The coronavirus disease 2019 (COVID-19) pandemic, caused by severe acute respiratory syndrome coronavirus 2 (SARS-CoV-2), has become an inevitable part of our lives. With over 240 million cases and 4.9 million deaths reported across more than 200 countries, the rate of infection and disease severity in children increased during the ongoing second wave of the pandemic in many countries [1]. Although the occurrence of de novo seizures in patients with COVID-19 is well-described, seizure is rarely a presenting feature of COVID-19 [2, 3]. Comorbid COVID-19 in persons with epilepsy (PWE) has been less frequently reported. A recent study revealed that COVID-19 in PWE was not associated with more severe illness. However, seizures as presenting manifestation of COVID-19 were more frequent in PWE (median age 41 y) than in people without epilepsy [4]. While acute symptomatic seizures or worsening epilepsy control in children with epilepsy (CWE) have been less commonly reported with COVID-19, the pandemic has gravely impacted the care of CWE [5, 6]. The occurrence of COVID-19 in a child with pre-existing epilepsy may have varied implications depending on the type of epilepsy or epilepsy syndrome, and ongoing medications.

In this regard, West syndrome (WS) constitutes a distinctive condition considering the peculiar management options (hormonal therapy), need for frequent follow-up, and higher risk of severe COVID-19 in infants [7-9]. Unlike other epilepsies, acute febrile illnesses and pyretotherapy (artificial fever therapy) have been associated with spontaneous remission of epileptic spasms and resolution of hypsarrhythmia in children with WS [10]. However, the role of ongoing hormonal therapy in children with WS in modulating COVID-19 severity is debatable [8, 9]. Besides, COVID-19 has been associated with varied new neurological manifestations in children and there are specific concerns for children with neurological disorders [11, 12]. Hence, it is important to understand the implications of COVID-19 in children with WS. The current study provides a glimpse of COVID-19 and WS severity in children with WS who contracted SARS-CoV-2 infection.

Material and Methods

This ambispective study was conducted at a tertiary-care center in North India after approval from the Institute Ethics Committee (vide IEC-10/2020-1798). The study was carried out between December 2020 and August 2021. The primary objective of the study was to collate cases and collect data regarding clinical and laboratory features, treatments, and outcomes in children with WS who develop COVID-19. The secondary objectives included the determination of the disease course of WS and COVID-19.

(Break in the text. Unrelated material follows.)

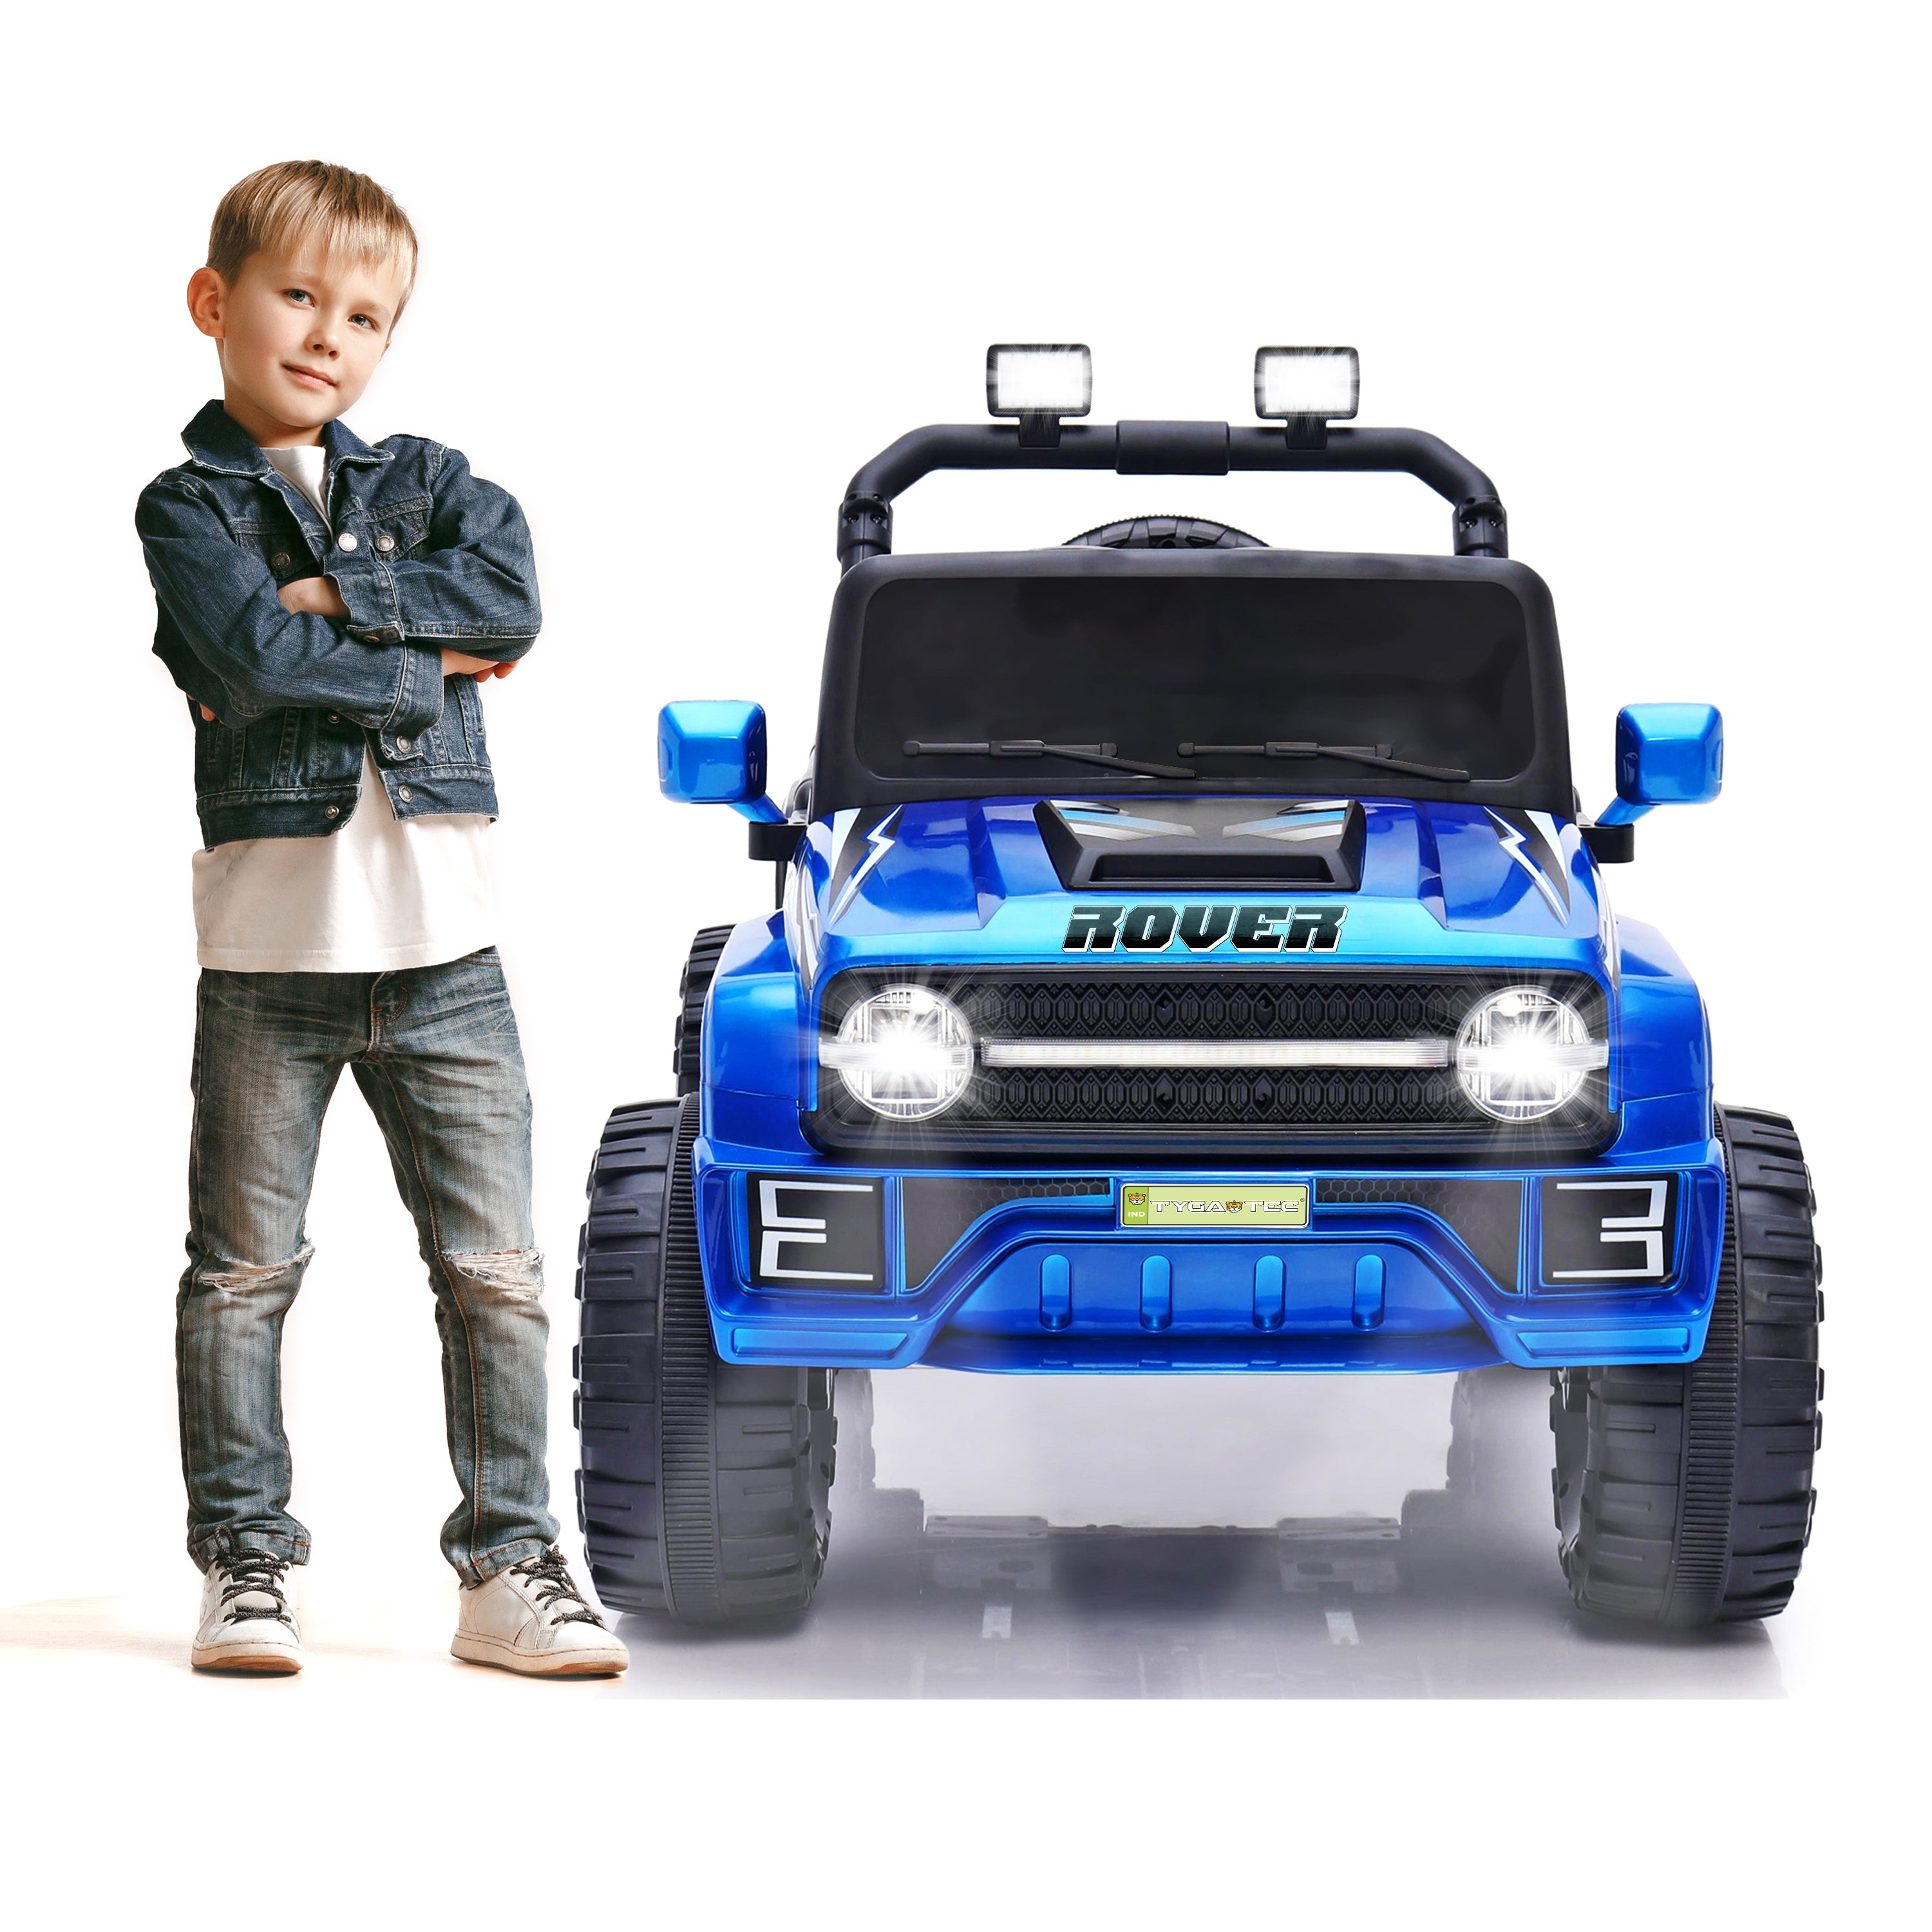 Tygatec Ride-on Kids Car Ground Force ROVER (BLUE COLOUR)

Children (aged < 24 mo) diagnosed with WS [epileptic spasms with suggestive electroencephalography (EEG), fulfilling the West Delphi consensus criteria], who contracted COVID-19 were enrolled [13]. For the enrolled children, demographic details, age at onset of epileptic spasms, age at initiation of first-line therapy, lead time to treatment (LTTT), etiology, treatment received, response to treatment, number of relapses, etc., were ascertained by retrospective record review and history from parents. Clinical details of COVID-19 [symptoms, results of investigations including COVID-19 RT-PCR, and clinical severity requiring transfer to intensive care unit, mechanical ventilation, progression to septic shock, and COVID-19-related death] were also noted. Comorbidities, comedications, and treatments administered explicitly for COVID-19 were also recorded.

Data were recorded in a Microsoft Excel spreadsheet (Microsoft Office, Microsoft Corp., Seattle, WA, USA). Variables were presented with continuous data as median (interquartile range; IQR) and categorical data as the frequency with percentage. The statistical analysis was done using SPSS 22.0.

Results

Of the seventy children with WS screened for febrile or respiratory illnesses or family history of COVID-19 during the study period, 10 had a febrile illness. Eight of these 10 children underwent COVID-19 RT-PCR and 4 children were positive for COVID-19. One child with COVID-19 during the first wave was retrospectively included while 4 children (of the 70 children screened) were prospectively enrolled after informed consent. Hence, 5 children fulfilled the inclusion criteria and participated in the study.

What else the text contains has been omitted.